Type out the data exactly as given. Skip any image.

[MATERIAL PROVIDED]
· · · · ·

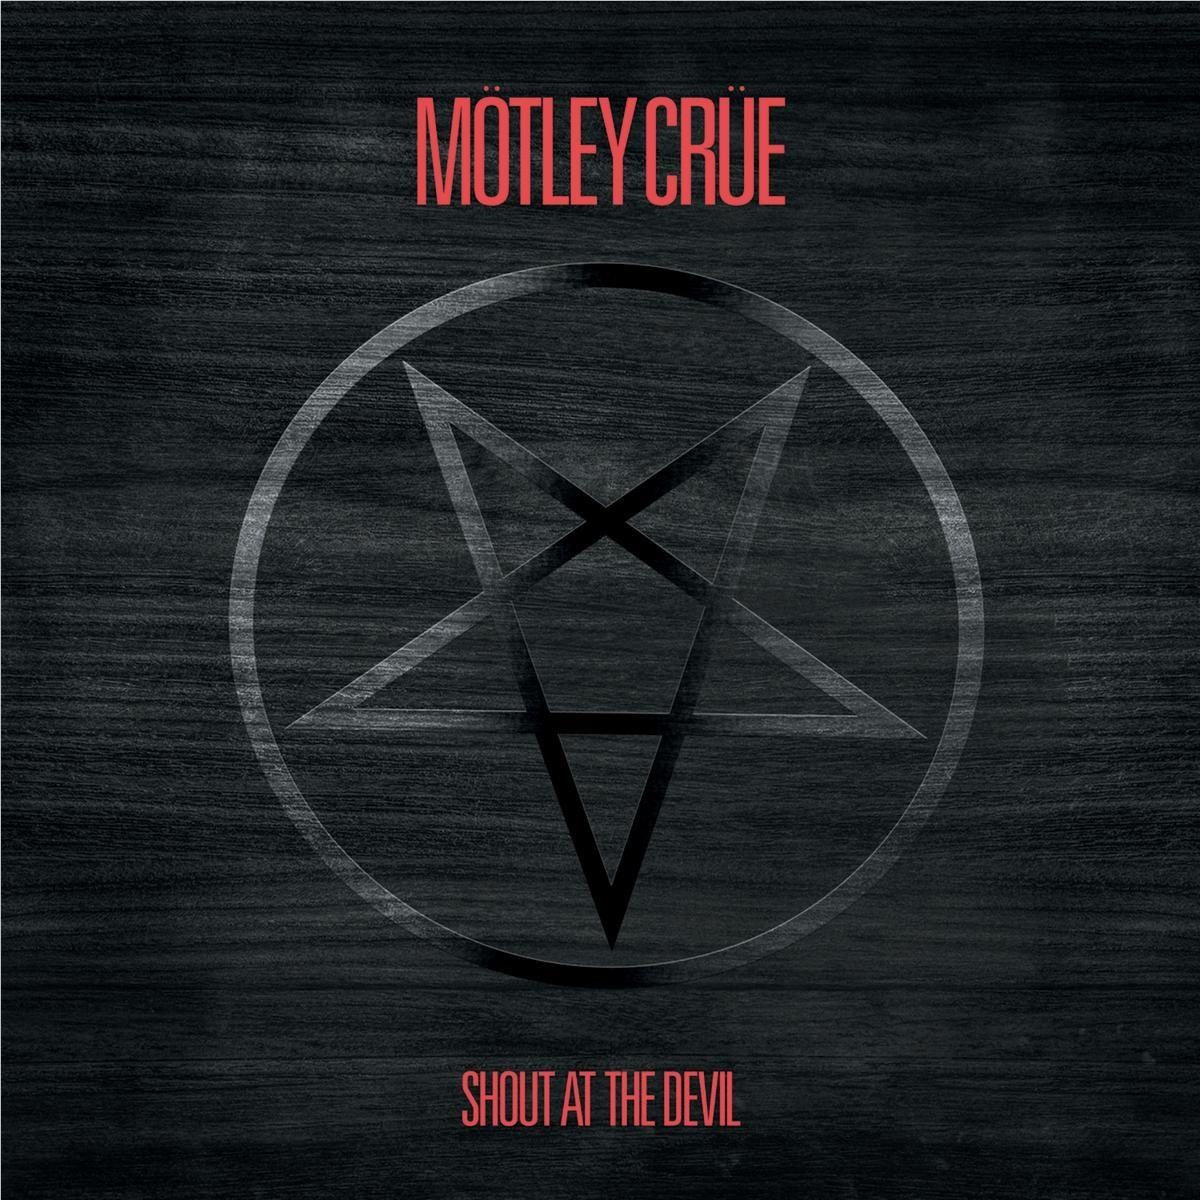 Motley Crue - Shout At The Devil (Ltd. 40th Anniversary Super Deluxe Ed. 2LP/CD/Cassette/2x7" Box Set) - Vinyl - New
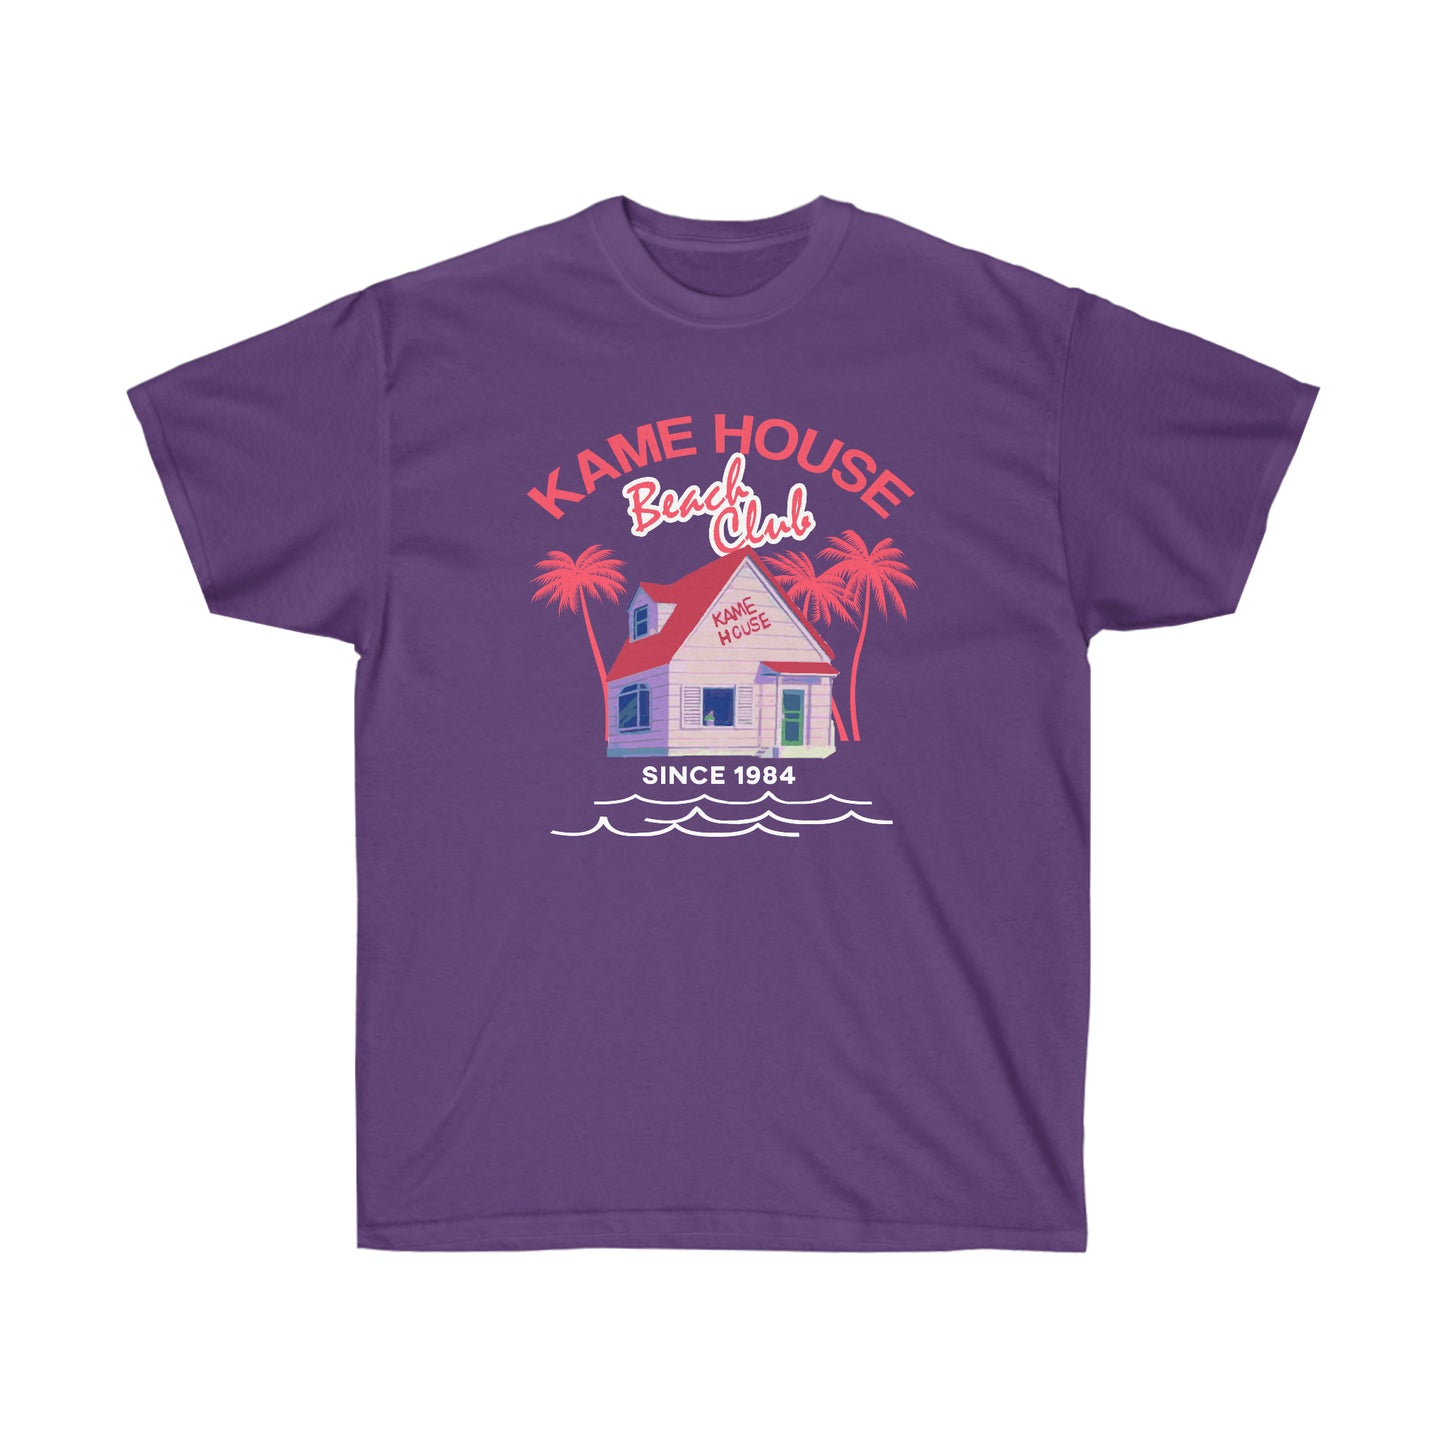 Kame House Beach Club Capsule Corps Logo Classic T-Shirt
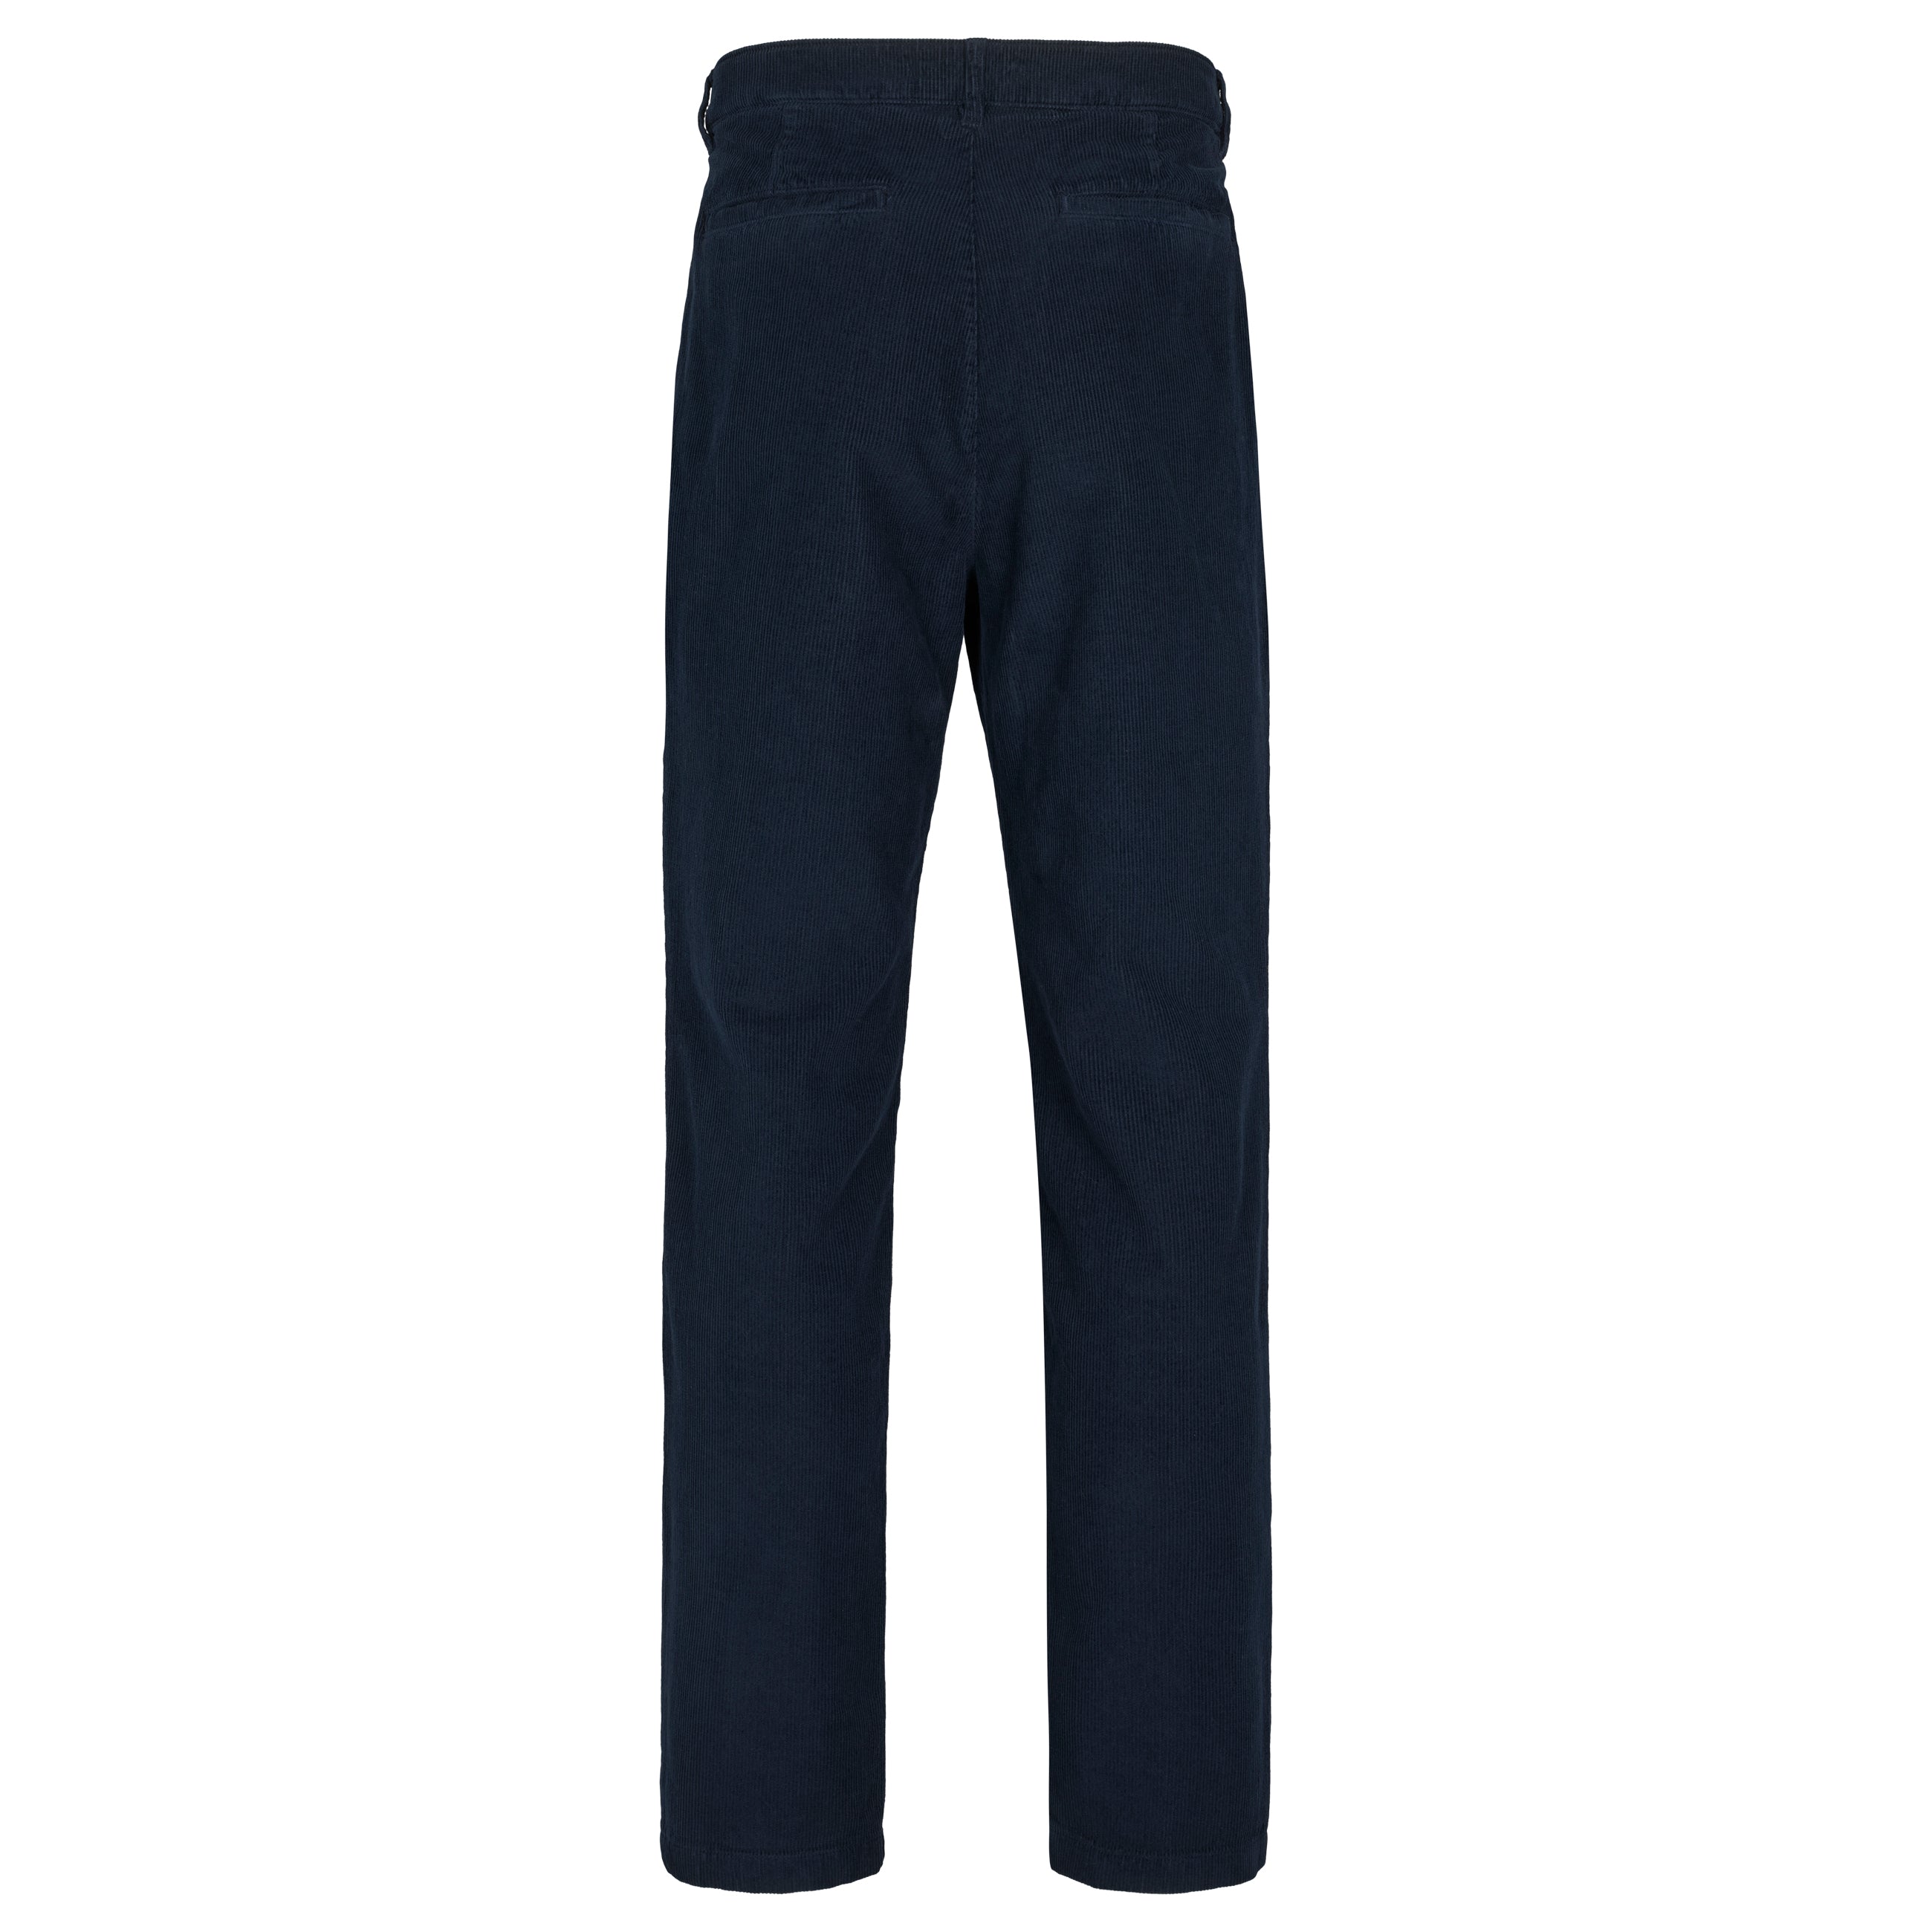 By Garment Makers uster The Organic Fine Corduroy Pants Pants 3096 Navy Blazer

· · · · ·

[ANSWER TO THE EXERCISE]
 Motley Crue - Shout At The Devil (Ltd. 40th Anniversary Super Deluxe Ed. 2LP/CD/Cassette/2x7" Box Set) - Vinyl - New
 Kame House Beach Club Capsule Corps Logo Classic T-Shirt
 By Garment Makers uster The Organic Fine Corduroy Pants Pants 3096 Navy Blazer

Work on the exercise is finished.